** Source material **
+-------+
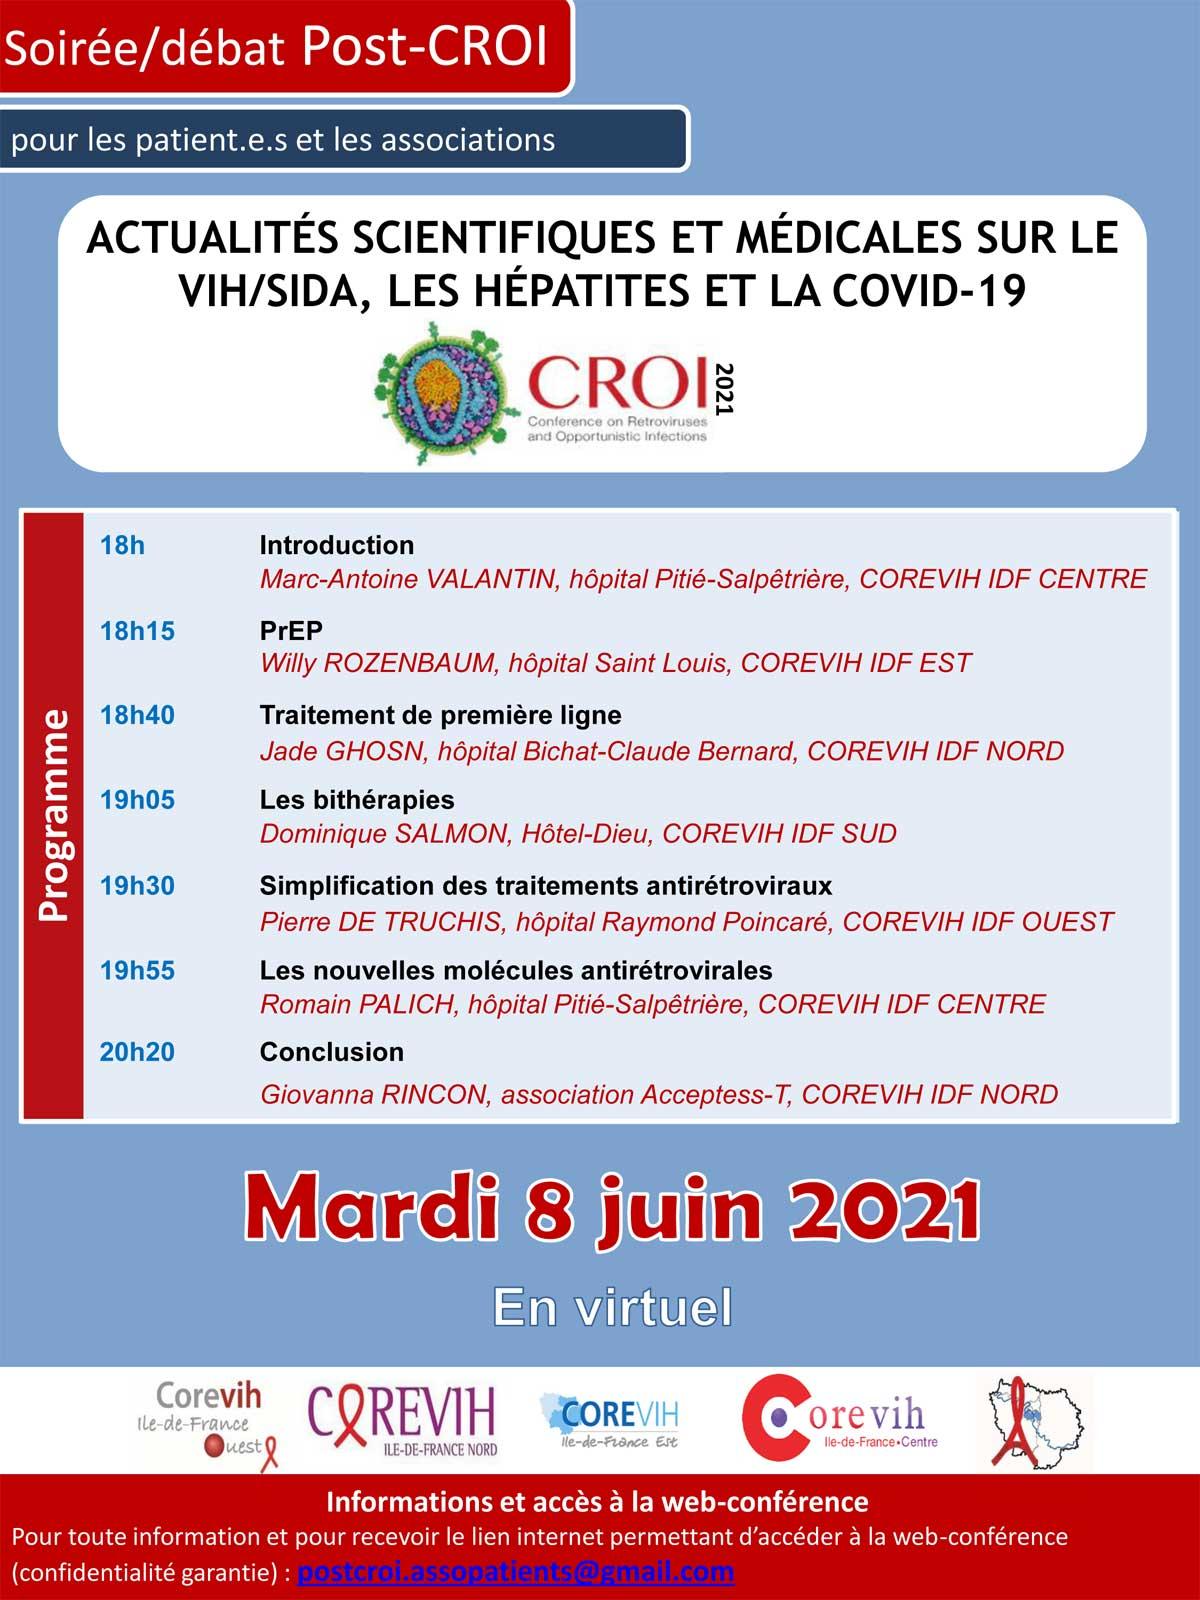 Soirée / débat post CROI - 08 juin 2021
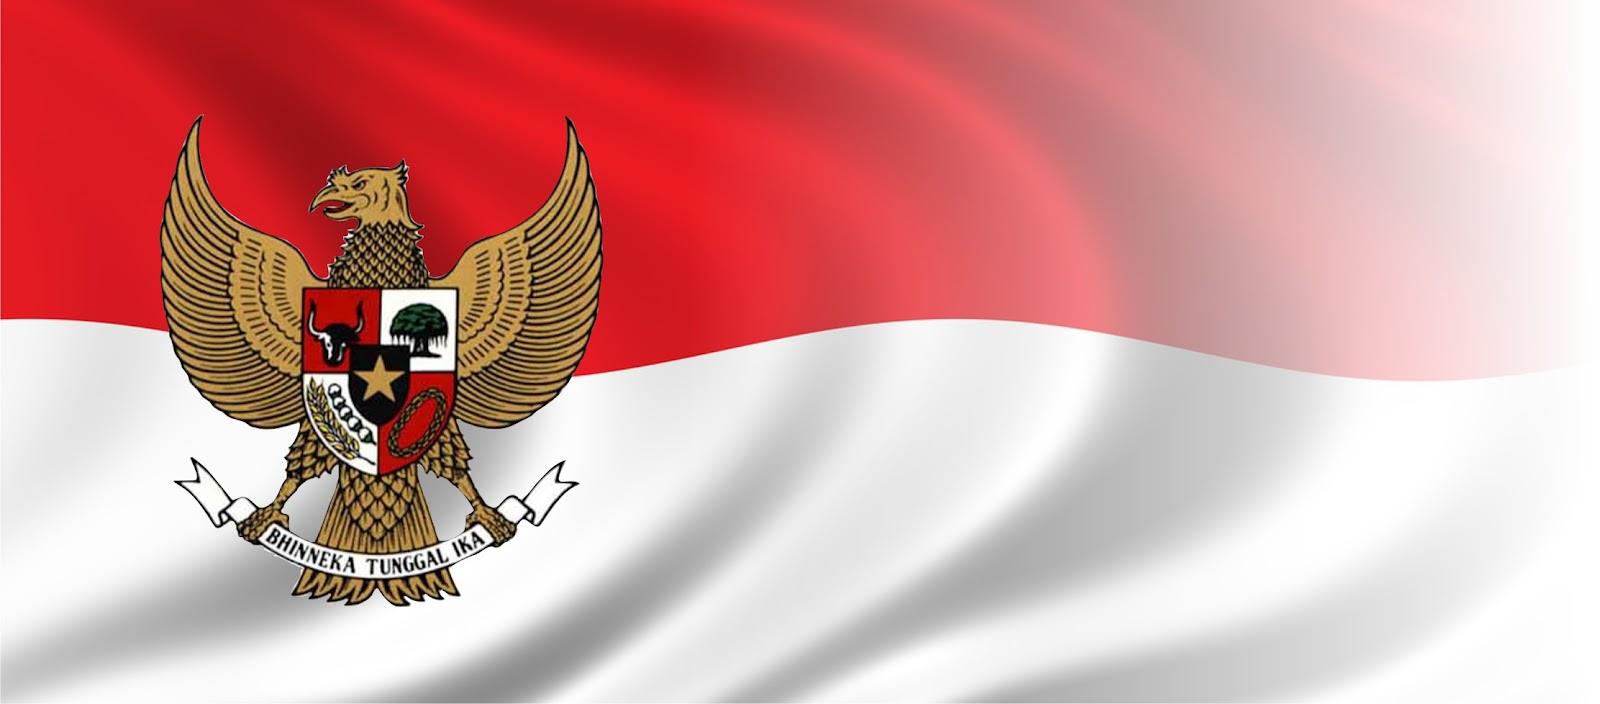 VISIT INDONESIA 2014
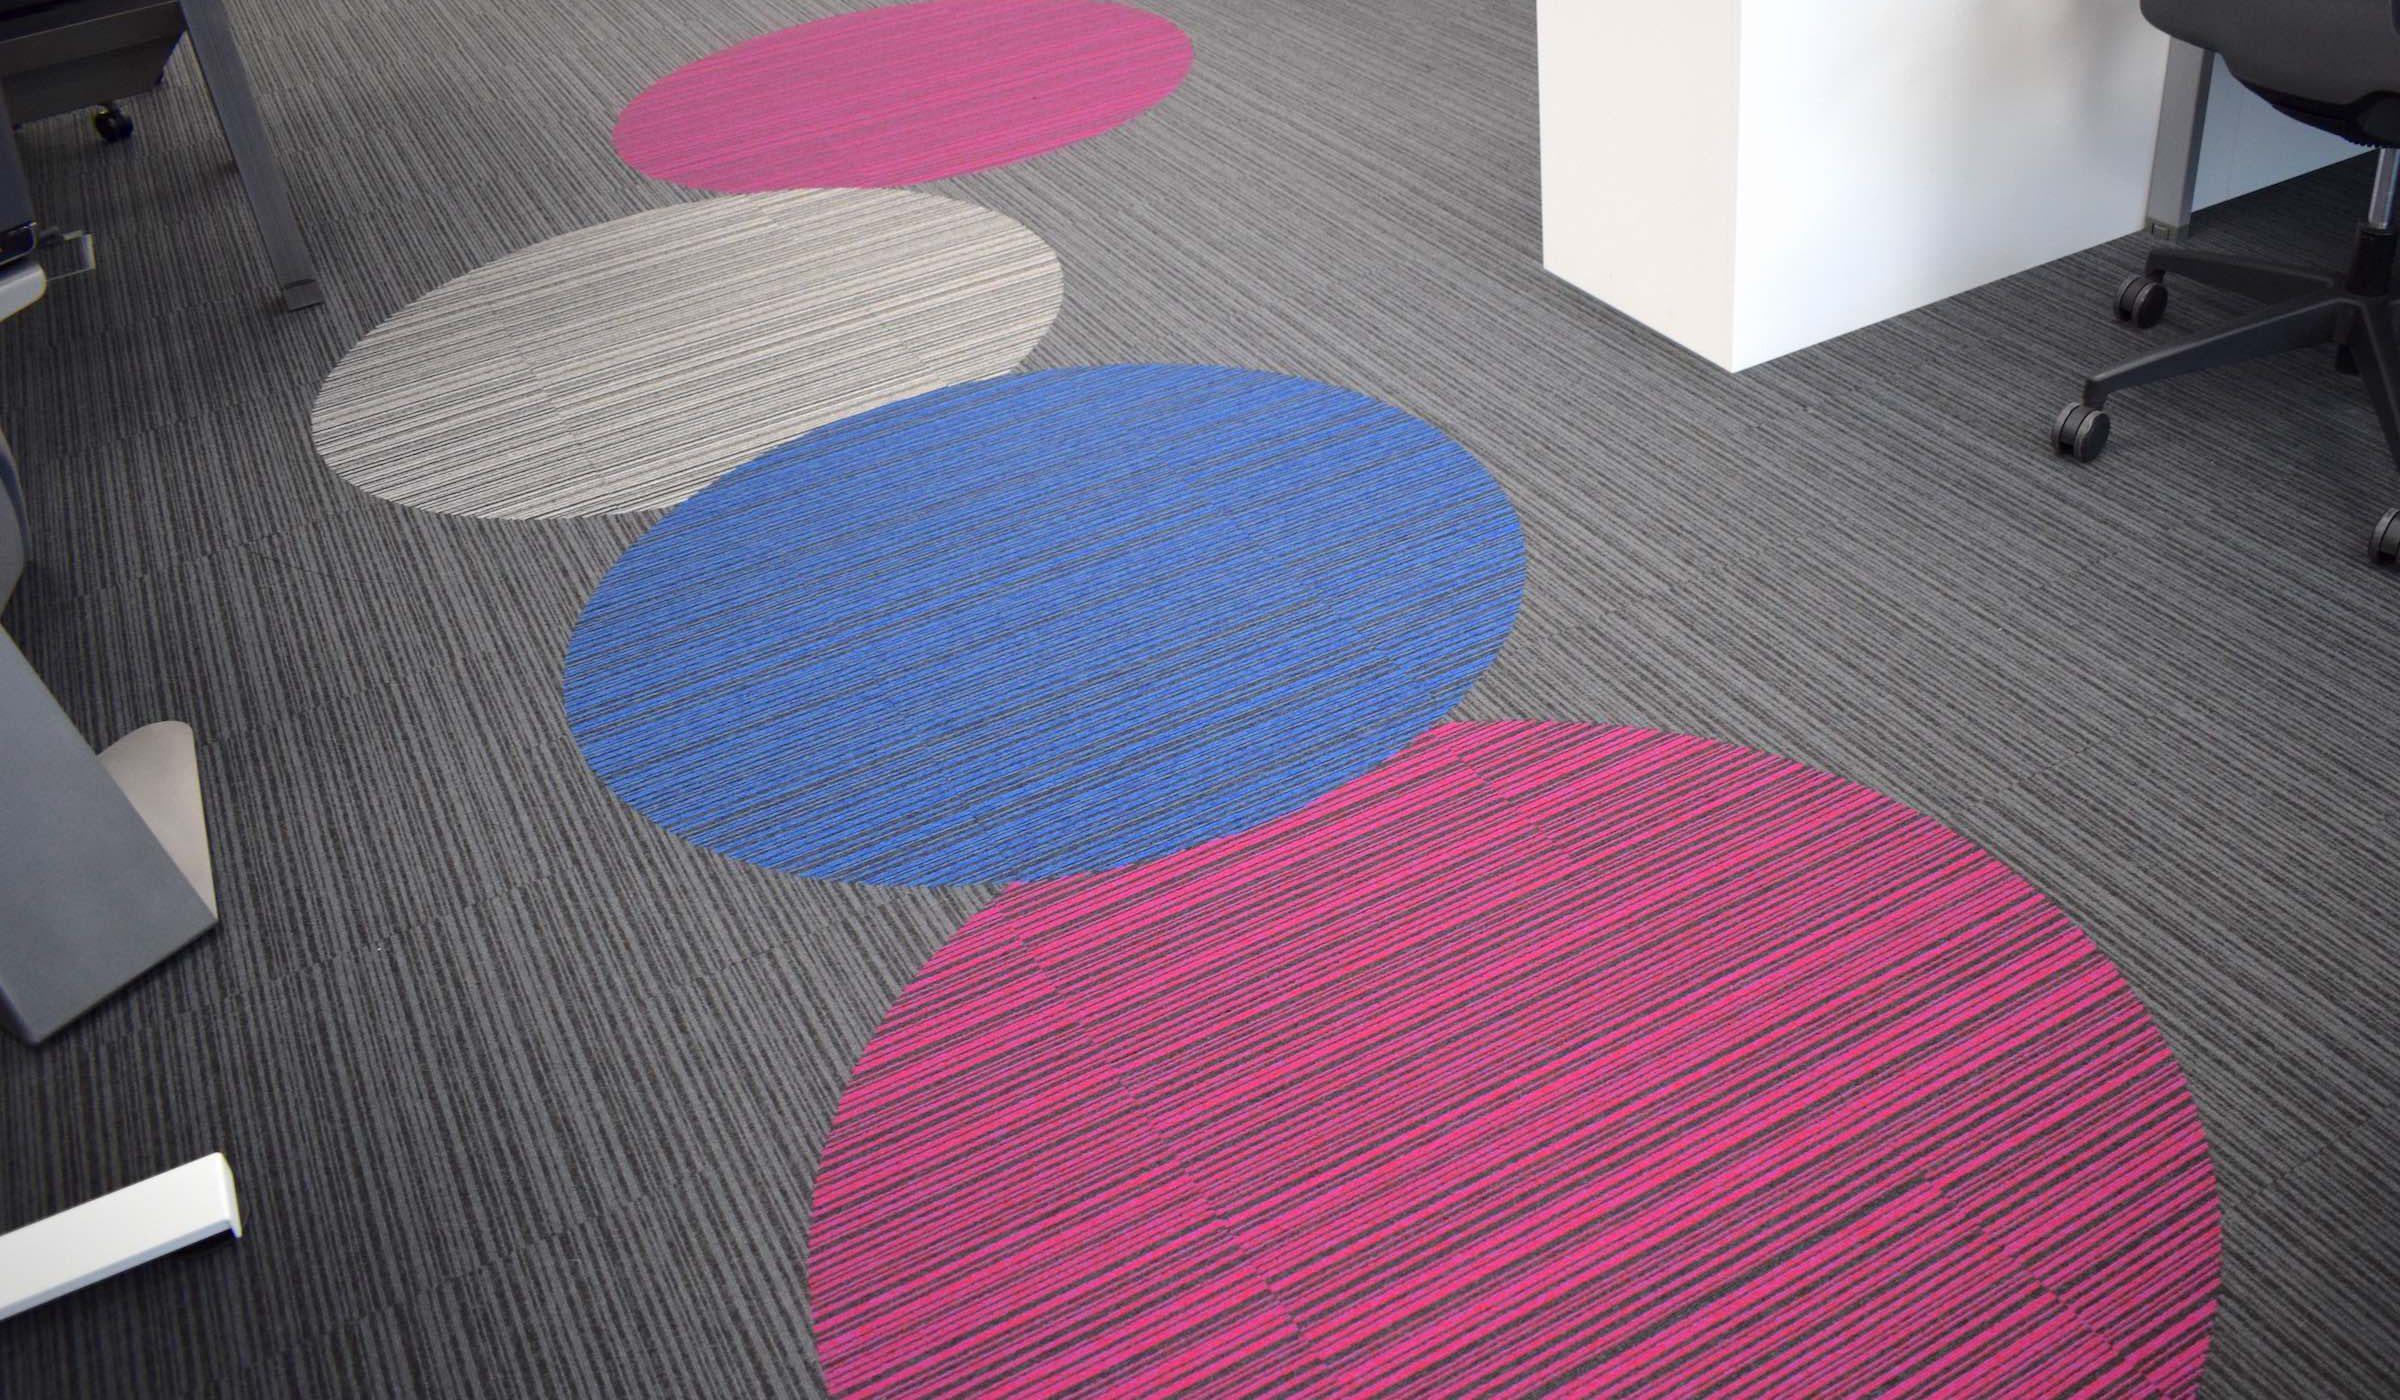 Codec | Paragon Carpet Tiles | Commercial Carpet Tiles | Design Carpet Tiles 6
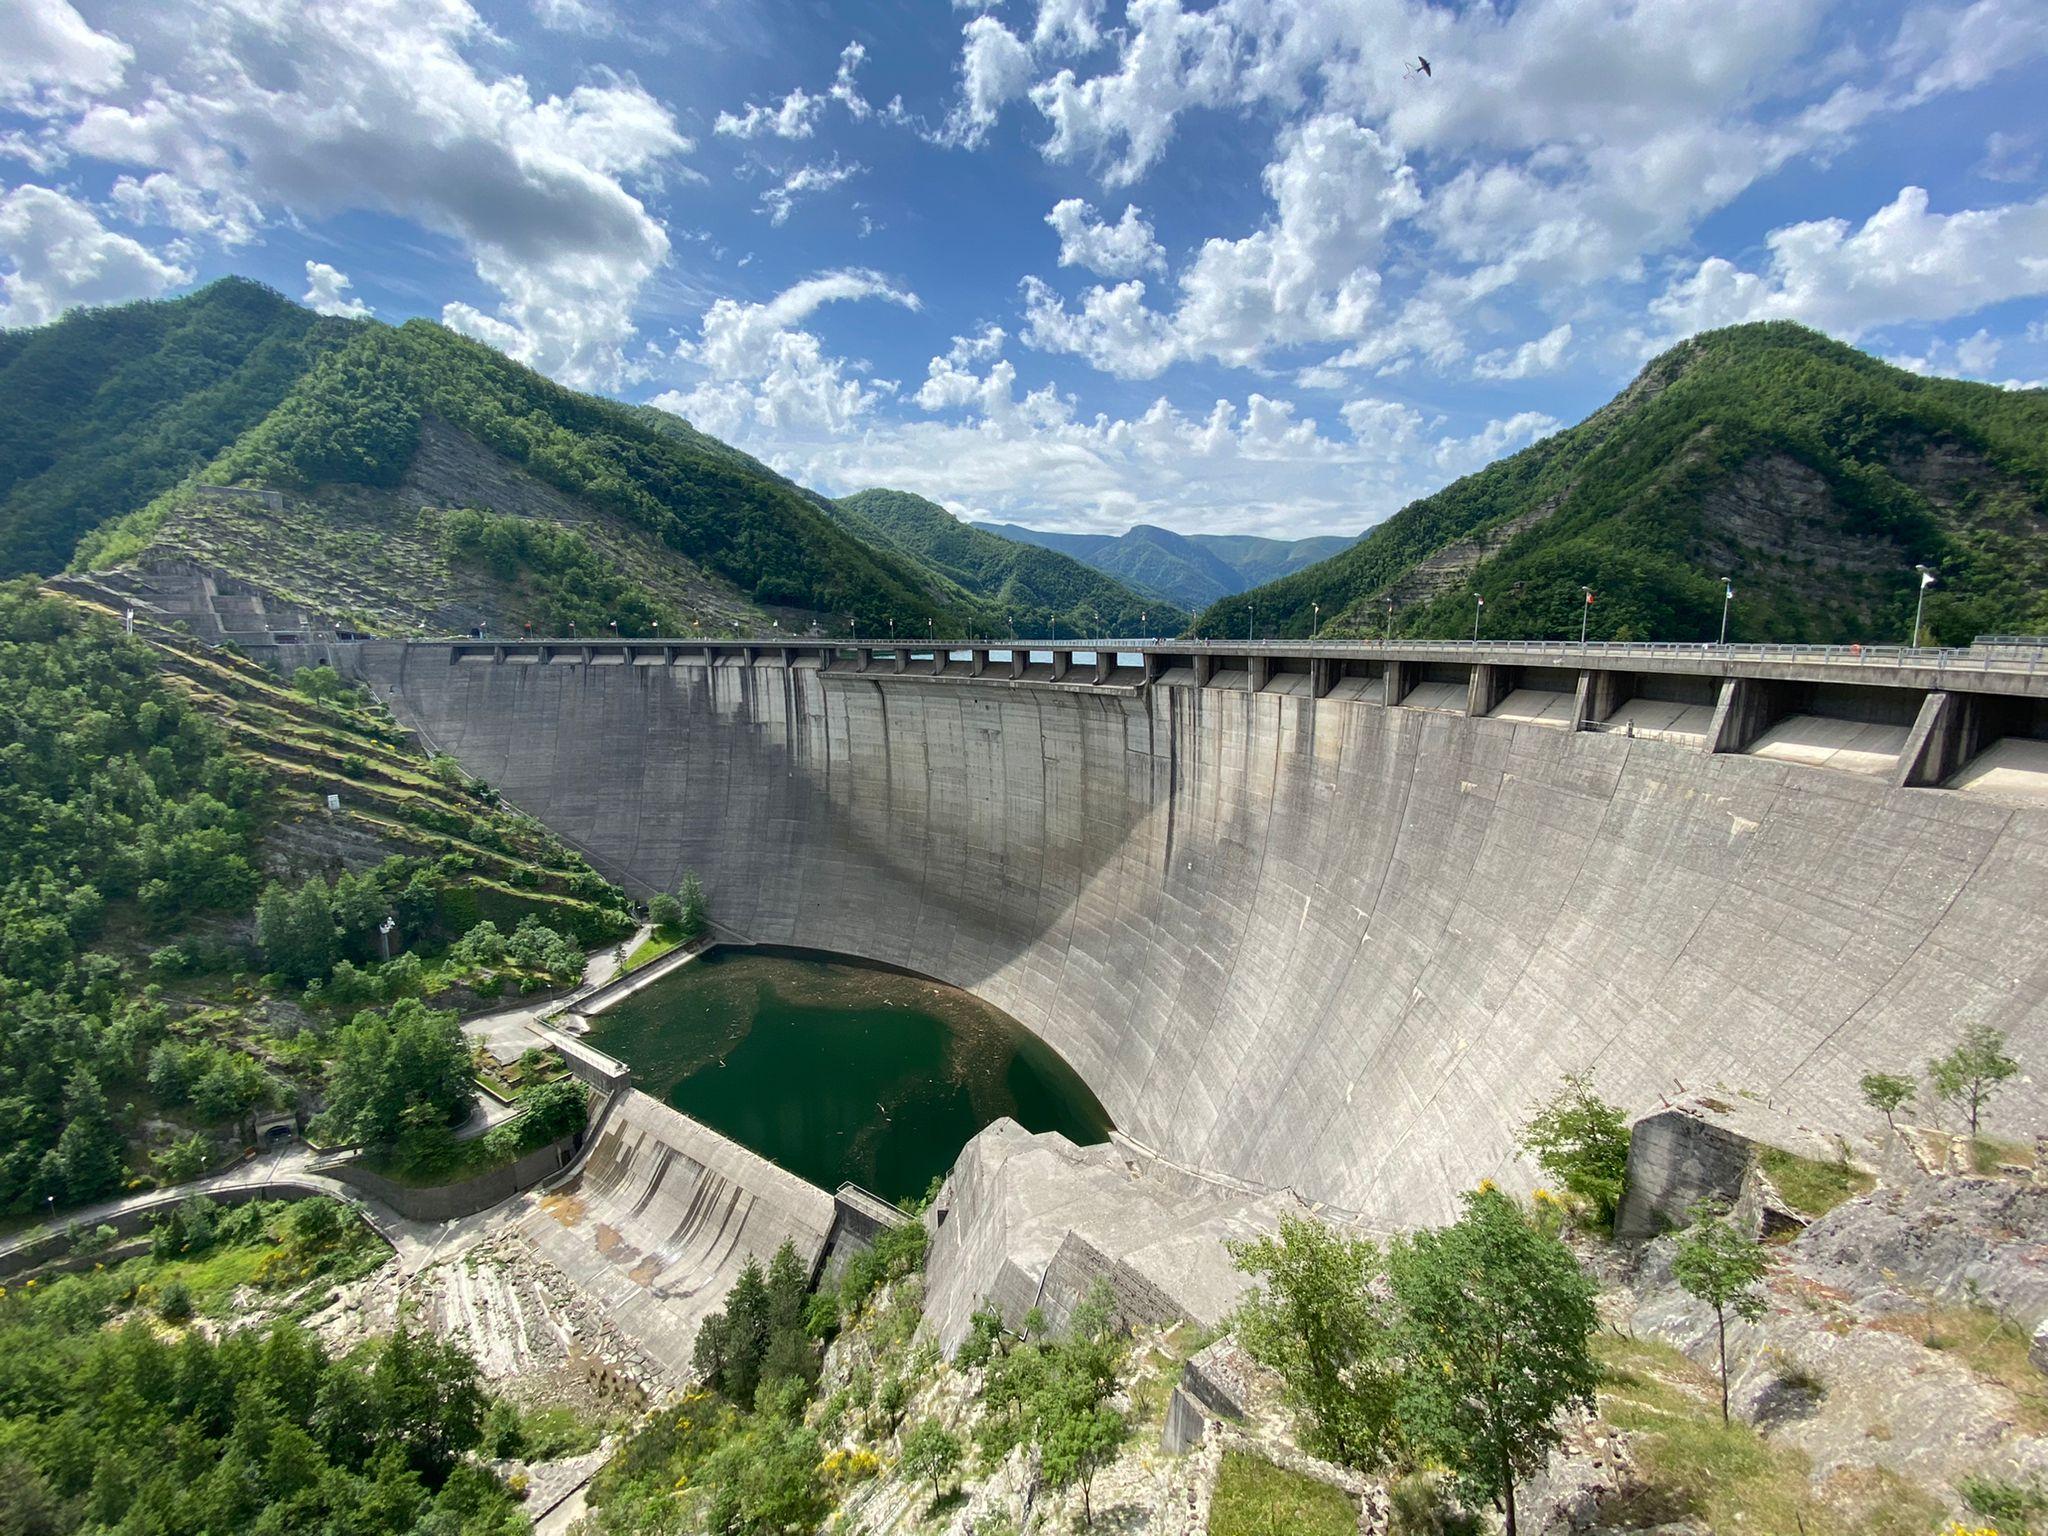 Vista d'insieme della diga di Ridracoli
+-------+
** Task brief **
Omit the pictures and print the listing exactly.

** Task result **
 Soirée / débat post CROI - 08 juin 2021
 VISIT INDONESIA 2014
 Codec | Paragon Carpet Tiles | Commercial Carpet Tiles | Design Carpet Tiles 6
 Vista d'insieme della diga di Ridracoli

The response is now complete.